19k. #ok A friend reminded me of Anders Hansen's idea: if exercise was a drug, it would be the most prescribed ever. Because the effects are so beneficial. But I think there's more.

Some of best benefits are the experience of doing it, not just the after effects. These photos are from just one run. I get a ton of this every day.

Sound on: surrogate view for one of my favourite places and runs, Sutro Tower from Twin Peaks on Ocean Beach Haight/Ocean Beach/Presidio loop.

A photo from the top of the mountain, or the view from the restaurant, or being choppered in, is just not the sams experience as running/walking/cycling up.
Being fit enough to run long distance every day is like having a private cable car, powered by your own effort and skill.

And the other difference from outputs is process.

It's not about the runner's high, whatever that is. It's about the process. The moment you focus on the outputs you miss the process focus that's required to do it right and enough.

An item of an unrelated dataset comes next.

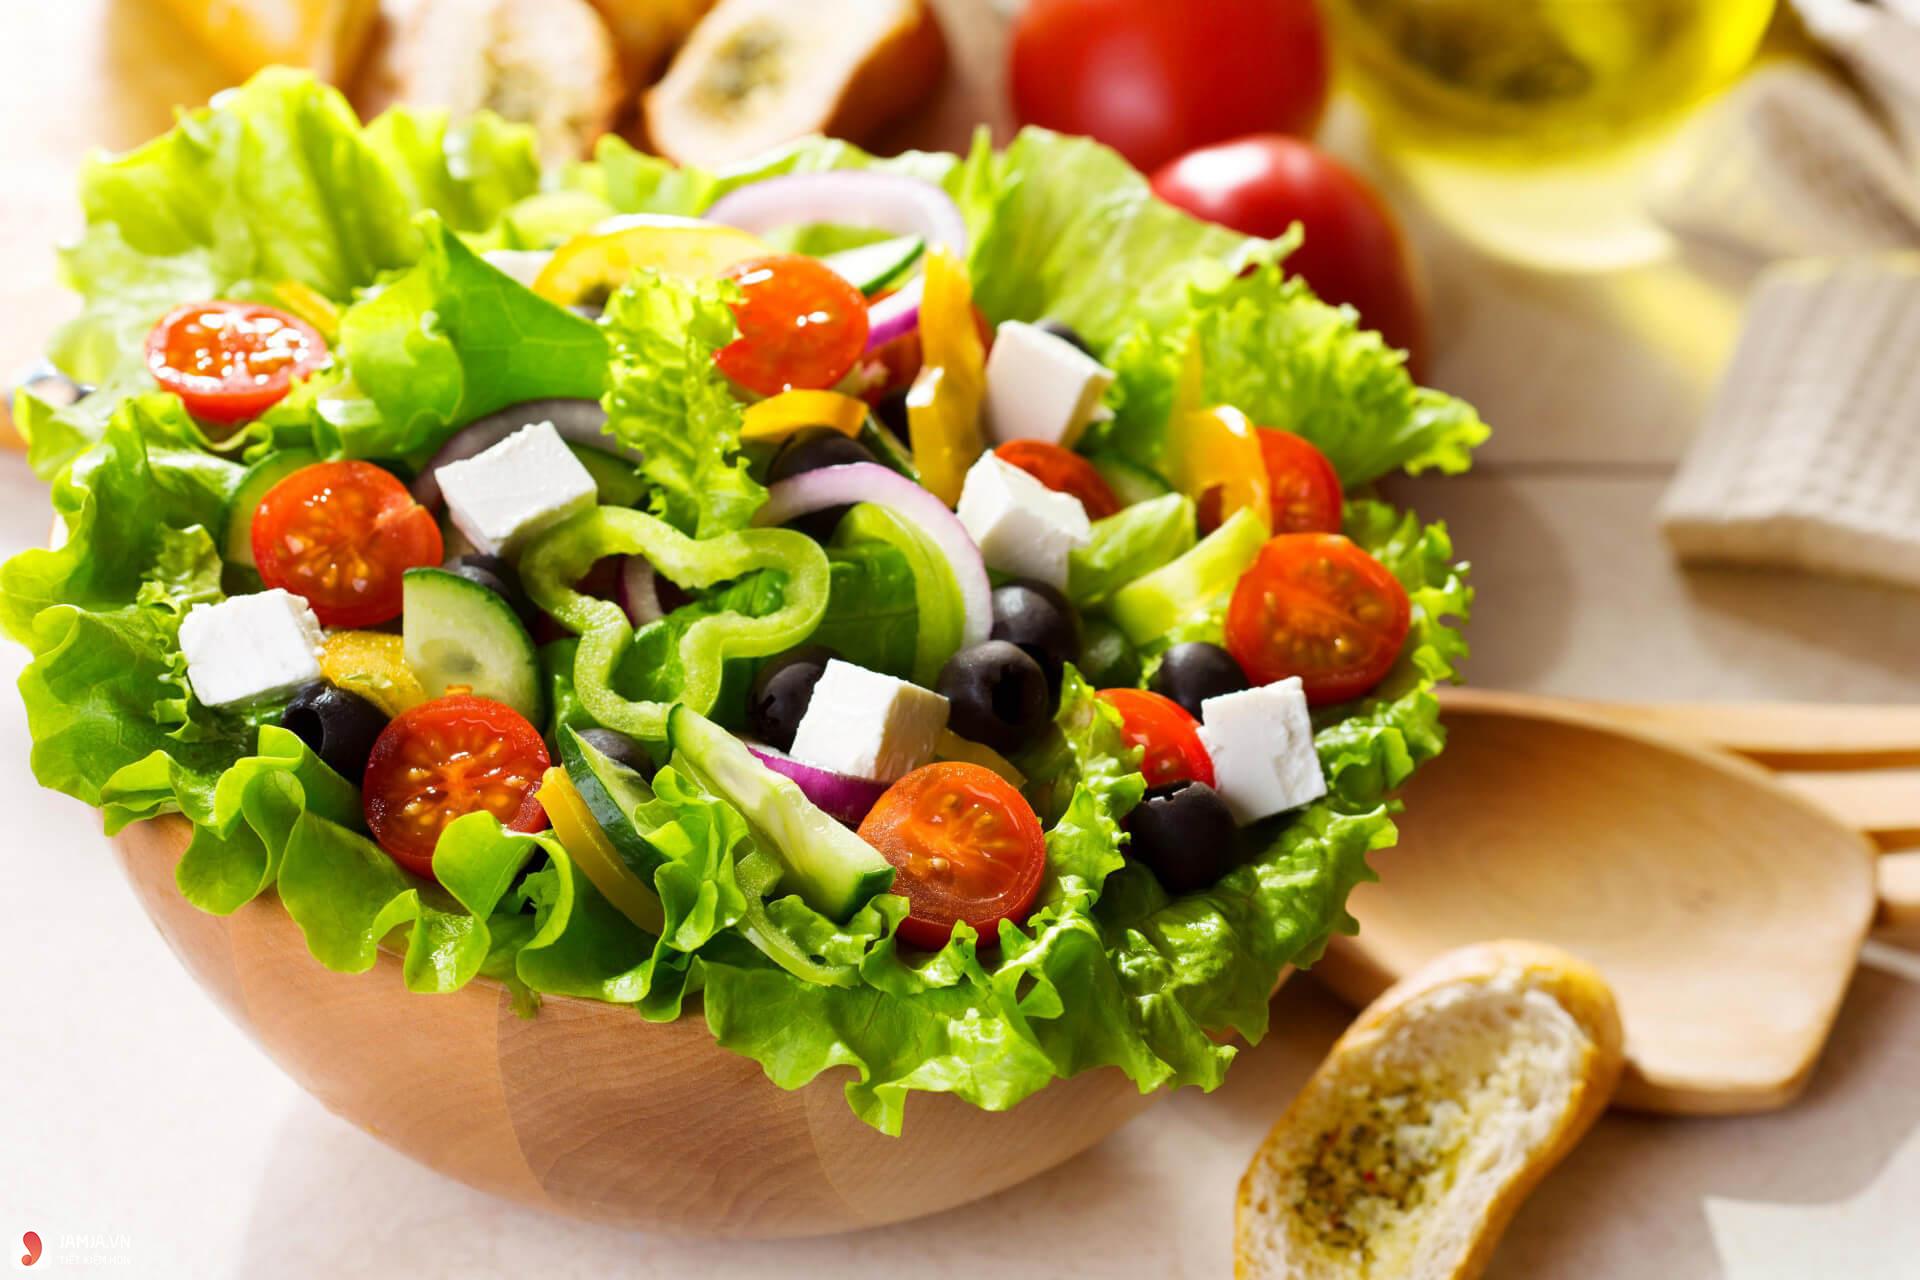  Sốt chanh leo trộn salad ngon tuyệt để thưởng thức trong mùa hè

One discovery is how much you never truly like running long distance, but you learn to love it. At any one moment you are focussing on form, rhythm, stride and absorbing pain from multiple locations, while watching for injury and checking energy levels. And it's all fine, it's the process-the-moment.

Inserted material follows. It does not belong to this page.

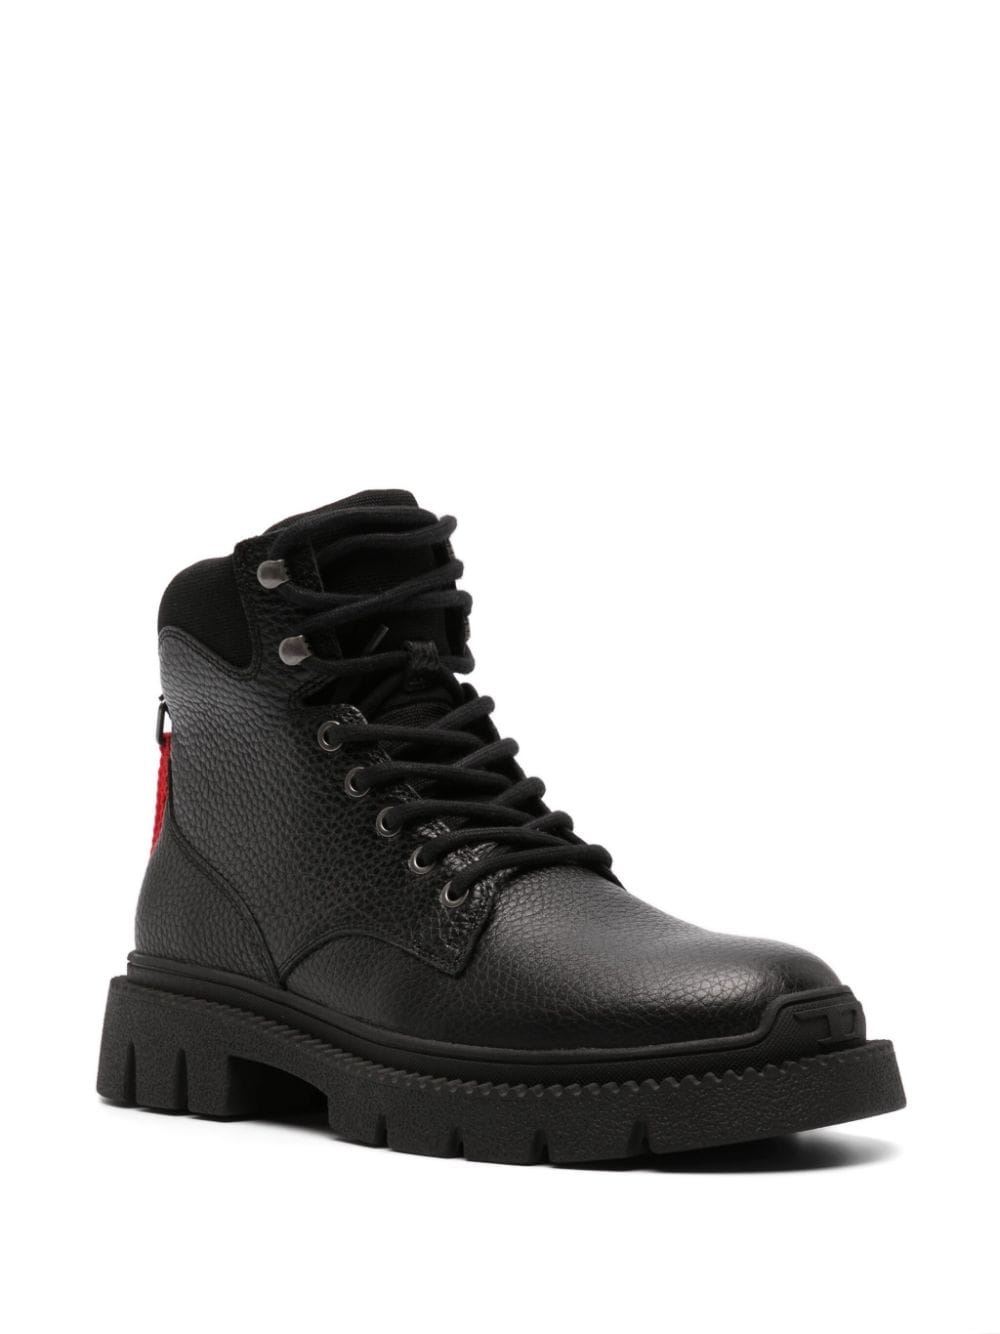 D-Troit leather boots - 2

During the day, process-wise, if you aren't mildly hurting throughout the day and yet looking forward to doing it again and wondering the distance you'll take on today, you aren't doing it right. When the time comes: you have to check for injuries vs aches, check for blisters, nutrition and hyrdarrtion levels, tape your toes, check your socks, choose shoes. It's a hassle, a lot of fiddling -  and it's the love of the process that pulls you forward, not liking any particular step.

It would be easier if it was a drug–but you'd lose the love of the experiential ride and process.